2. Perform the desired action
3. Set a ManualResetEvent to signify that this step is done.

Now my problem is that a) I have some serious realtime issues to
contend with; b) I'd like to use a ThreadPool but I think I can only
have 20 or so threads running in the .Net ThreadPool.

Should I write my own thread pool for this, or is a thread pool the
wrong way to go? By the way, I expect to have 5-8 threads running at
any given time with another 30-40 threads waiting for an event.
 
J

Jon Skeet [C# MVP]

JS said:
I am monitoring/controlling some realtime activities in a manufacturing
process.

When a part comes into my station, I have a bunch of processing to do.
There are 30-40 data acquisition and data processing steps that need to
be performed. Many of the steps rely on the results of other steps for
their processing.

I have each step coded as a separate instance. The way I'd like to
execute all the steps is to spawn a thread for each of the steps. Each
step's thread would:

1. Wait for all dependent steps to complete (WaitHandle.WaitAll).
2. Perform the desired action
3. Set a ManualResetEvent to signify that this step is done.

Now my problem is that a) I have some serious realtime issues to
contend with; b) I'd like to use a ThreadPool but I think I can only
have 20 or so threads running in the .Net ThreadPool.

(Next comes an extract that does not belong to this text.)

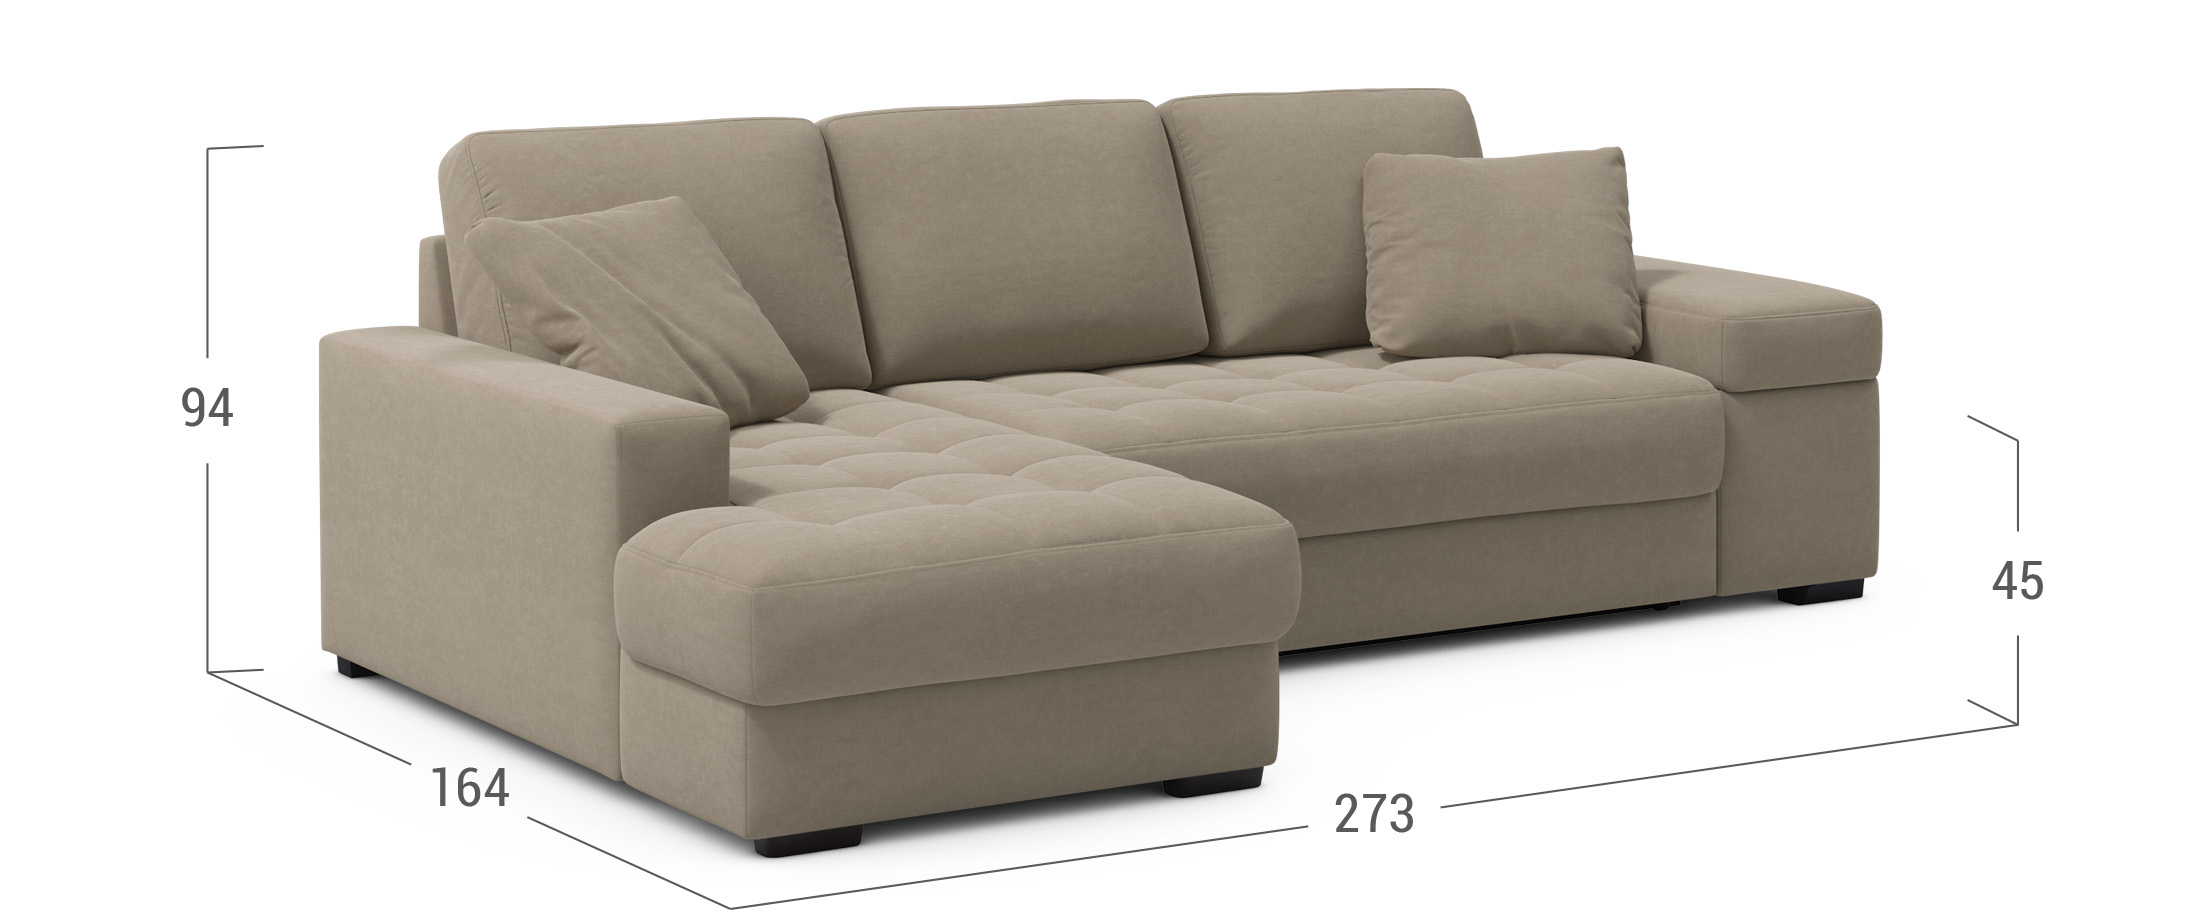 Особенности углового дивана без подлокотников 2000х1500

Should I write my own thread pool for this, or is a thread pool the
wrong way to go? By the way, I expect to have 5-8 threads running at
any given time with another 30-40 threads waiting for an event.

There are various other threadpools around, including my own:
http://www.pobox.com/~skeet/csharp/miscutil

It doesn't sound like one thread per step is a good idea though. Can
you not work out which of the steps can actually be executed in
parallel, and which can't, and keep the number of threads created down
in that way?
 
J

JS

Yes I might be able to work out which steps can be executed at a given
time. However, a thread pool will do this for me just by having each
step wait on its own inputs.

Is there a reason to avoid a thread pool for this situation?

Here's some more background:
The user has complete control over the list of steps. There are
hundreds of possible steps to choose from. Each step may have a set of
inputs and/or a set of outputs. A step can't begin processing until
all its inputs are ready. Once a step is done with its processing, it
sets each of its outputs to the ready state.

A step is typically either a data acquisition step or a data processing
step.

Here's an example of a set of steps:

Acquire Motion Data : output={MotionData1}
Acquire Temperature Data : output={Temp1}
Check Temperature : input={Temp1}, output={TempOK1}
Check Motion Data : input={MotionData1}, output={MotionOK1}
Check for Emergency Stop : input={TempOK1, MotionOK1}, output={EStop1}

This is a very simple set of steps. In a real system, there would be
5-15 data acquisition steps and 20-50 data processing steps.

I think I'll put together a short but complete program that details how
the software is written -- perhaps that will be instructive.

Thanks.
 
J

Jon Skeet [C# MVP]

JS said:
Yes I might be able to work out which steps can be executed at a given
time. However, a thread pool will do this for me just by having each
step wait on its own inputs.

Is there a reason to avoid a thread pool for this situation?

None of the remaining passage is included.